/ 18 June 1999

Uganda: No trickle down

Nick Davies

The top man at Uganda’s Finance Ministry in Kampala keeps an old greetings card in his office. It shows an employee who has just been given a miserly pay rise and has gone to his boss to show him what he thinks of “trickle down” economics. He is standing on the desk and peeing on the boss’s head.

In a school near Jinja, 80km from the capital, a teacher shows his visitor around. Here is the year six classroom, where pupils outnumber the teacher by 236 to one. They share 40 text books.

A kilometre away, a woman points to four hummocks on a patch of land where she grows the beans on which she lives. This is where she buried her children, all of whom died from measles because she could not pay for a doctor.

Uganda is the great success story of the Third World, one which the World Bank and the International Monetary Fund (IMF) like to hold up as their model of achievement, where the politics are democratic and the economics are conservative, where the old state agencies have been privatised and the free market rules supreme, and to which – at least in theory -the wealth of the rest of the world trickles down.

As a result of its willingness to obey the nostrums of the West, Uganda is also the first African nation to have seen any of its international debt relieved under the Highly Indebted Poor Countries (HIPC) scheme, unveiled by the World Bank in 1996. Three years later, Uganda continues to spend more on repaying its old debts than on its schools and health services combined.

This is the tale of two kinds of arithmetic. The first concerns the statistics of poverty. The Ugandan government has worked assiduously with aid agencies to collect them: 88% of the population live in the bush, most eating only what they can grow; 46,6% consume less than 3 000 calories a day, the World Health Organisation’s measure of absolute poverty; 5,3% of children under four are wasted by malnutrition, and a further 38,3% are stunted.

In the village of Wantai, 15 women describe their lives. They talk about poverty, famine and the shortage of water. They say their greatest dream is to educate their children. Their greatest worry is illness. In both cases their enemy is the shortage of cash.

Official surveys found that 44% of Ugandans were unable to afford health care the last time they were ill. From every 1 000 babies, 97 die at birth and another 147 die before the age of five. About 10% of the population is HIV-positive.

The second kind of arithmetic concerns the economy. When Yoweri Museveni led the guerrillas of his National Resistance Movement to victory in 1986, he inherited a country in shambles – terrorised by Idi Amin, plundered by Milton Obote’s government and wrecked by the civil war that followed.

After 12 months in power, he turned to the World Bank and the IMF for help.

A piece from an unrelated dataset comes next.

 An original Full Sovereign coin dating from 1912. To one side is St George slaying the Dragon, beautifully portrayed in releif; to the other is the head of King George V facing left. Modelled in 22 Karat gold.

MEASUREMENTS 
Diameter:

He adopted their policies and borrowed their money. By 1995 he had cut inflation to 6,1%, and the gross domestic product was rising by up to 10% each year. With added interest, he owed $3,39-billion.

When HIPC was unveiled, Ugandan officials were ecstatic. They were told that since they had already adopted the required policies and made the approved reforms they would receive their relief by April 1997. It didn’t happen. The World Bank’s shareholders – particularly the governments of the United States, Japan and Germany – threw up obstacles and queried figures. Emmanuel Tumusiime-Mutebile, permanent secretary at the Ministry of Finance, watched in alarm: “They were haggling among themselves about the size and the nature of the relief. They said they wanted to help but they couldn’t afford it.”

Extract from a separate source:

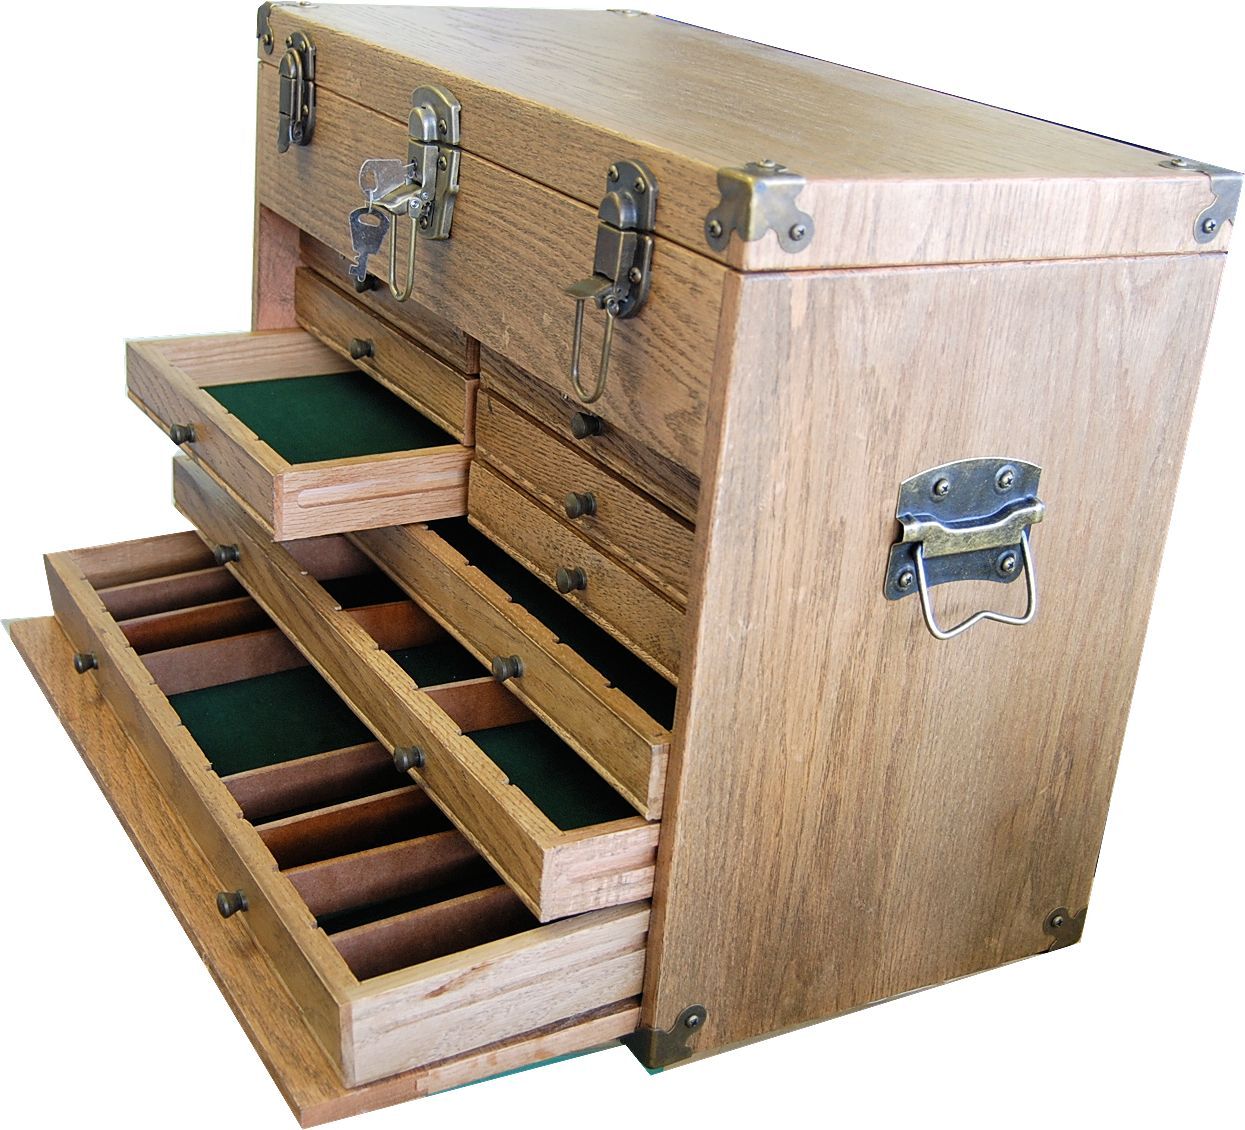 NEW ! Quality 9 Drawer Traditional Toolmakers Cabinet with Dividers SORRY OUT OF STOCK

The relief arrived a year late. During that year Uganda’s reviving economy had boosted its exports, and since HIPC chose exports as the means of deciding how much relief should be allowed, their benefit to Uganda plummeted by $238-million to $30-million a year. Uganda had previously secured grants from other countries worth $40-million a year to help pay its debt. With HIPC’s arrival these grants stopped. The net effect of the World Bank’s brave new initiative was that Uganda was worse off by about $10-million a year.

Faced with this embarrassing outcome, the bank agreed to “front load” the relief so that it was higher for the first five years. This lifted the annual relief temporarily to a little more than $40-million for each of those years. Uganda was still left to pay a further $120-million a year.

Uganda has continued to play the game. Every cent saved in debt relief has been diverted into a poverty action fund, to which it has added new funds. The government is trying to cut the number of people in poverty by 50% before 2015; it aims to build 26 000 new classrooms; by 2002 it wants no more than two children to share each text book. But the reality of market-led economics is the same in Uganda as it has been in the West: the new wealth has favoured the better-off, while the poorest 20% have become poorer.

Last month the finance minister wrote to his opposite number in each of the G7 countries to advise them that unless the scheme is overhauled their latest claim to be cutting Third World debt is too little and too slow.